Krefelder Wissenschaftler unterwegs fürs gute Klima
Holm Tiessen arbeitet für den Weltklimarat, der zusammen mit Al Gore mit dem Friedens-Nobelpreis ausgezeichnet wurde.
Krefeld. An den Anruf aus Brasilien kann sich Ernst Tiessen noch gut erinnern. Am anderen Ende der Leitung war sein Sohn Holm. Irgendwann gegen Ende des Gesprächs ließ der einen Satz fallen, den sein Vater nicht mehr vergessen wird: "Ach, übrigens, wir haben den Friedens-Nobelpreis bekommen." Mit "Wir" meinte Prof. Holm Tiessen den Weltklimarat der Vereinten Nationen, der zusammen mit dem ehemaligen US-Vizepräsidenten Al Gore die begehrte Auszeichnung bekam.

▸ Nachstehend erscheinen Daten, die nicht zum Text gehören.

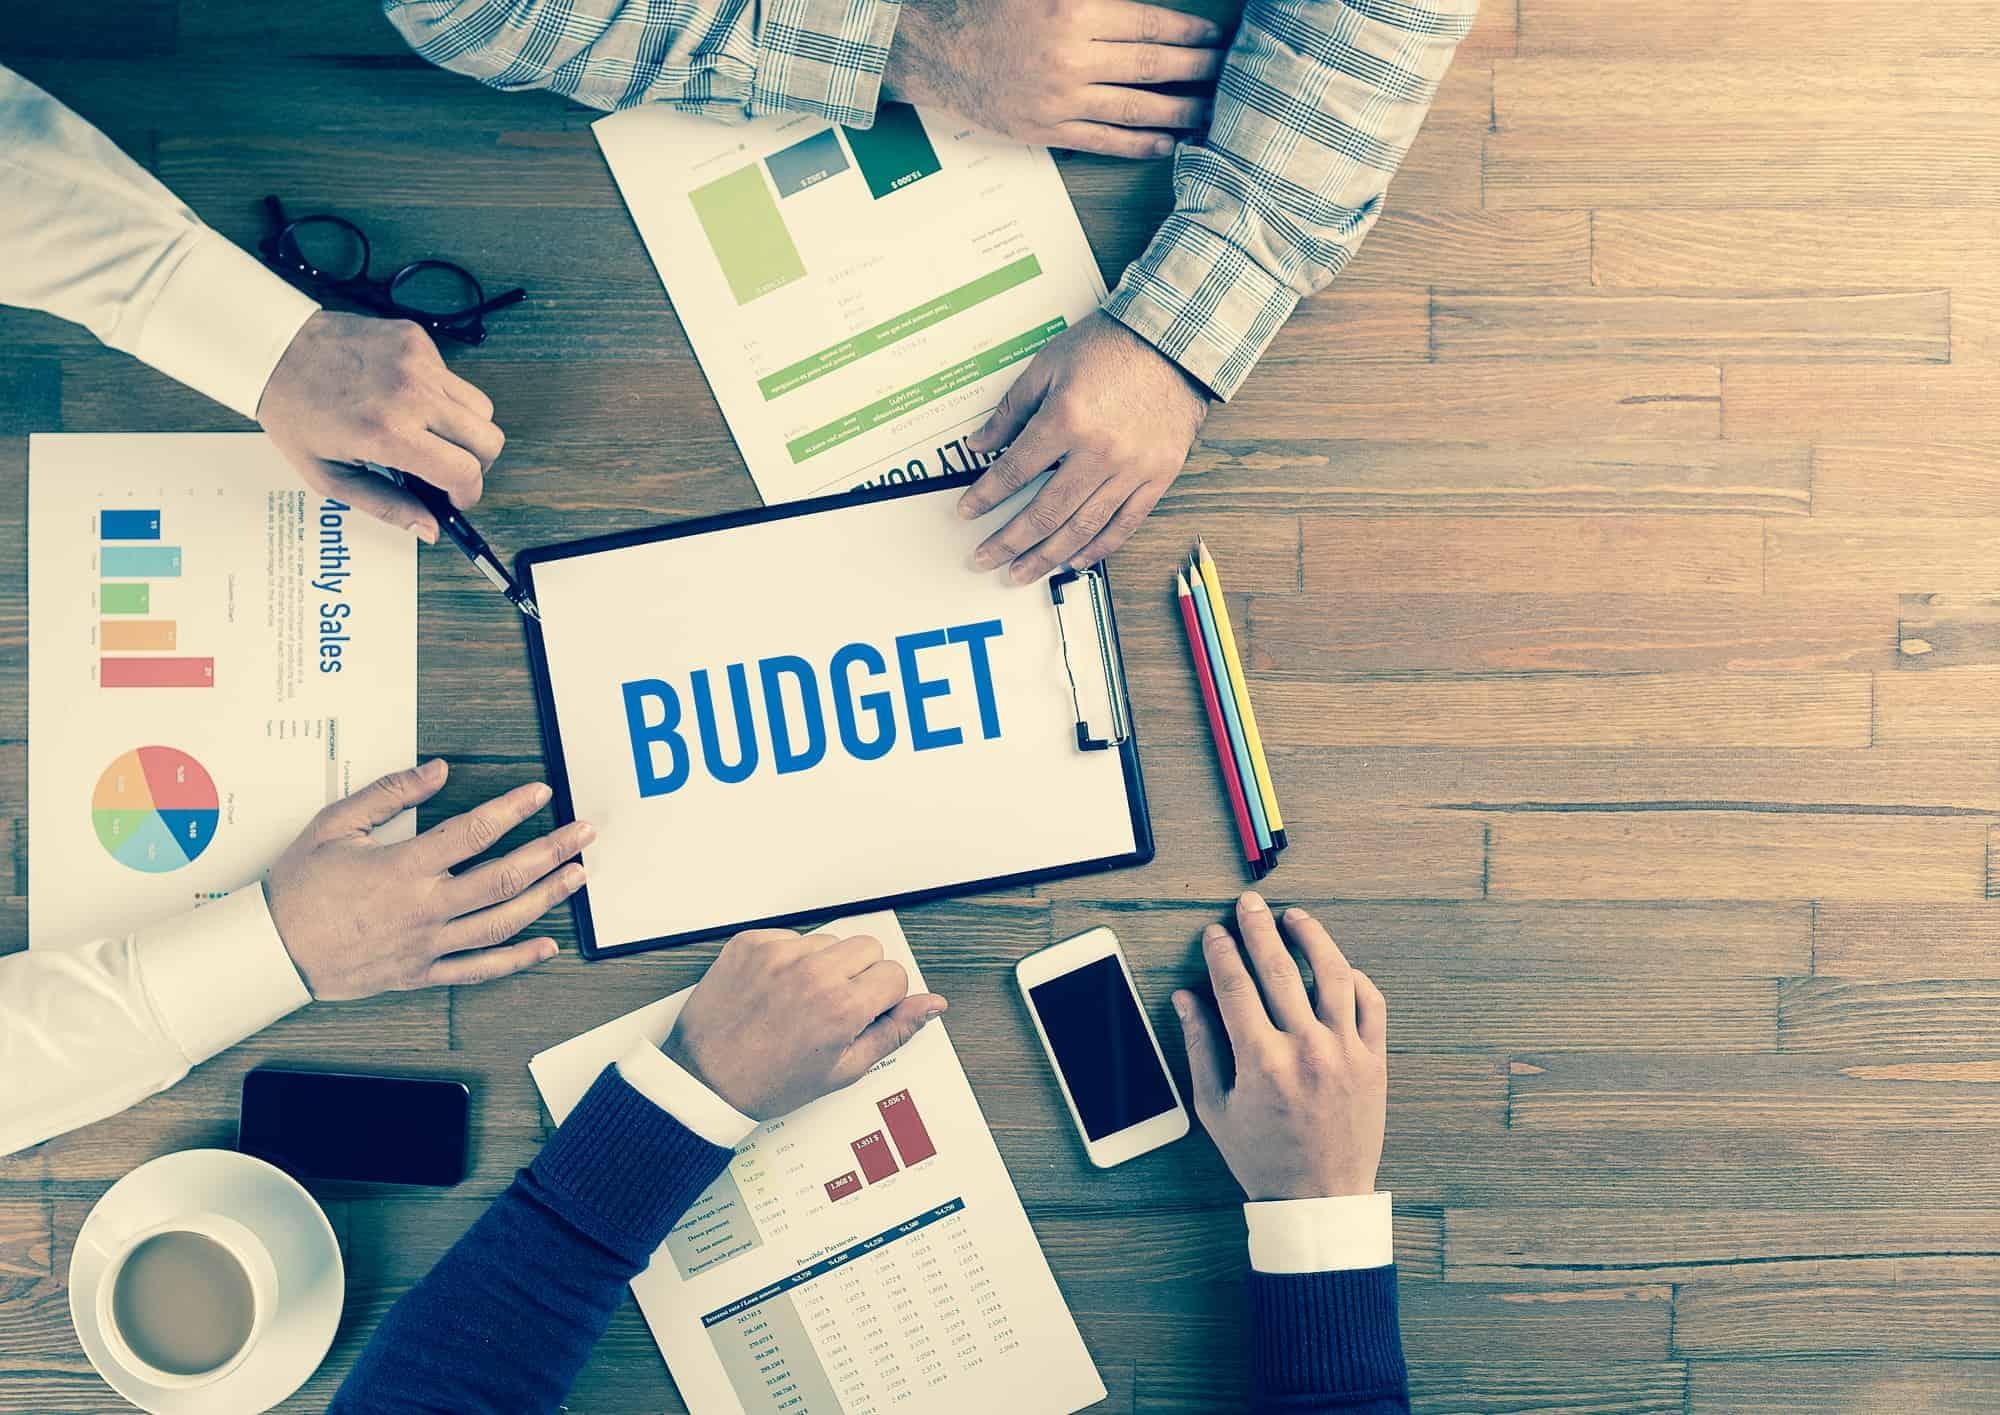 Business Team Concept: Budget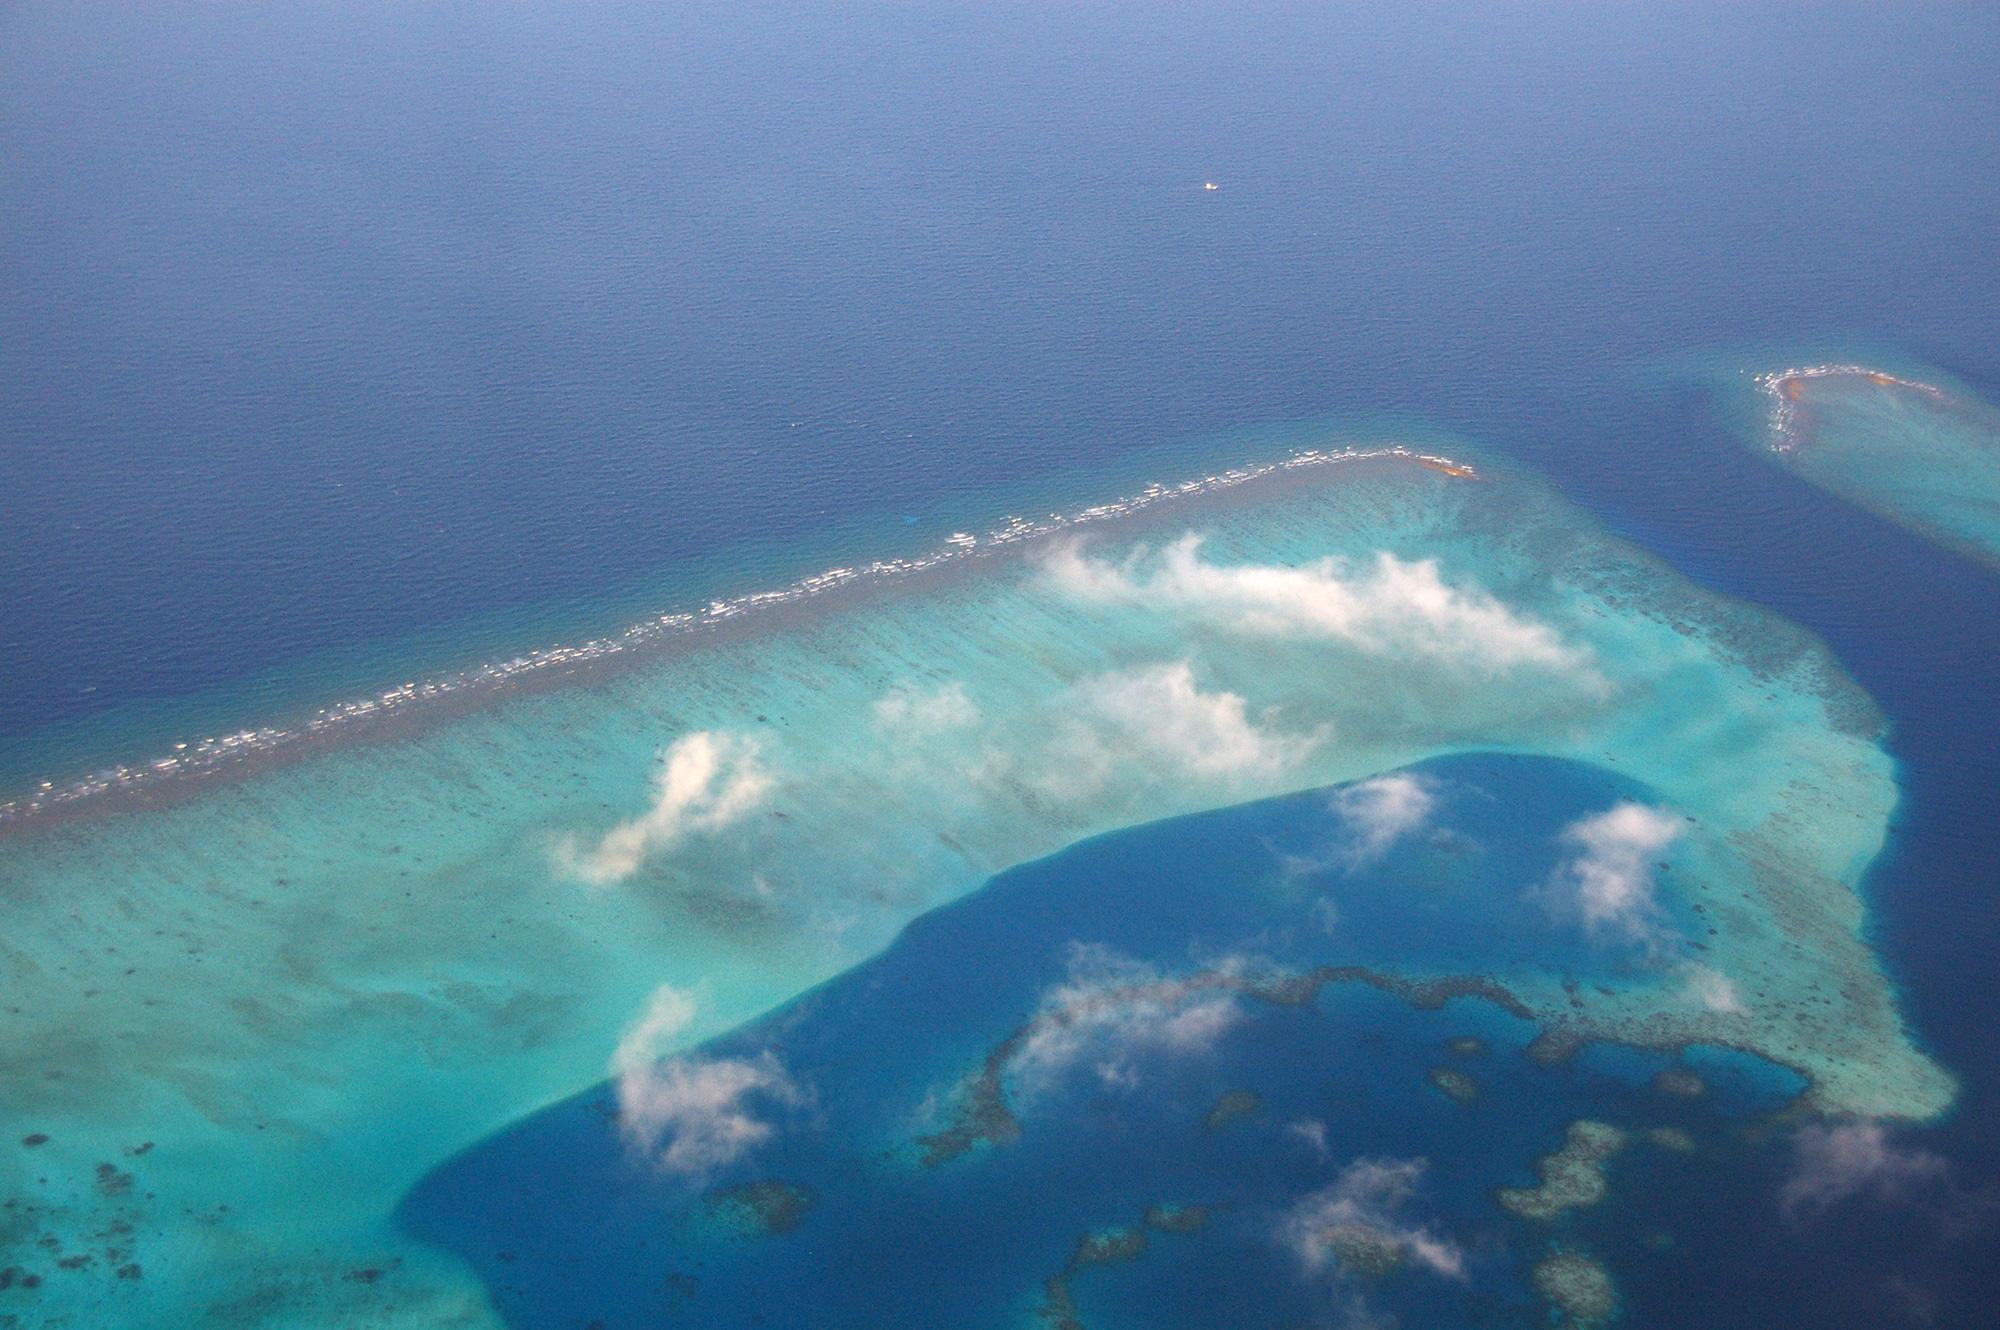 環礁の写真のフリー素材

"Seit den 90er-Jahren informiert der Weltklimarat Regierungen über den Klimawandel und seine Folgen", sagt Tiessen. Der dritte Sachstandsbericht aus dem Jahr 2001 bildet die derzeit wichtigste Basis der politischen und wissenschaftlichen Diskussionen über die globale Erwärmung. Tiessen arbeitete an mehreren Berichten des Klimarats mit, hauptsächlich zum Kohlenstoff-Kreislauf tropischer Ökosysteme - wie alle Mitarbeiter ohne Bezahlung. "Ich bin einer von hunderten Wissenschaftlern, deren Arbeit so anerkannt wird", sagt der 54-jährige Agrarwissenschaftler. Die Ehrung empfindet er als Anerkennung des Beitrags der Wissenschaft zu den politischen Entscheidungen zum Klimawandel.
In seinem Beruf hat Tiessen täglich mit dem Klimawandel zu tun. Der Krefelder ist seit drei Jahren Direktor des Inter American Institute for Global Change Research (IAI) in Sao Paulo. Das Institut koordiniert und unterstützt zahlreiche interdisziplinäre und länderübergreifende Forschungsvorhaben. Dabei geht es um den Klimawandel und die Veränderungen der Land- und Ozeannutzung, ihre Auswirkungen auf die Umwelt und ihre sozioökonomischen Folgen. "Die Auszeichnung deutet an, dass wir damit auf dem richtigen Weg zu relevanter Forschung sind", sagt Tiessen. Das bescheinigte ihm auch Bundespräsident Horst Köhler, der bei seinem Brasilien-Besuch im letzten Jahr auch ein knapp einstündiges Gespräch mit Tiessen führte.
In Berlin geboren, wuchs Tiessen in Krefeld auf, machte sein Abitur am Fabritianum in Uerdingen, ehe es ihn in die Ferne zog: Er studierte am renommierten King’s College in London, anschließend an der University of Saskatchewan (Kanada). Dort promovierte und habilitierte er, blieb 17 Jahre. 1999 wurde ihm der Humboldt-Forschungspreis verliehen, drei Jahre später übernahm er eine Professur an der Georg-August-Universität Göttingen für Tropenpflanzenbau. Weitere drei Jahre später ging er nach Brasilien. "Holm ist ein Workaholic. Wenn er keine sinnvolle Arbeit macht, ist er unglücklich", sagt sein Vater, bis zu seiner Pensionierung Chemiker im Krefelder Wasserwerk, der mit seinem Sohn regelmäßig telefoniert und E-Mails austauscht.
Allerdings sieht er ihn nur selten. "Holm wohnt fast im Flugzeug", sagt er. "Alle Jubeljahre kommt er mal vorbei. Er ist halt sehr beschäftigt. Aber wir sind stolz auf ihn." Und wenn der Sohn kommt, wird erstmal Grillage-Torte gegessen. Die sei nirgends so gut wie in Krefeld.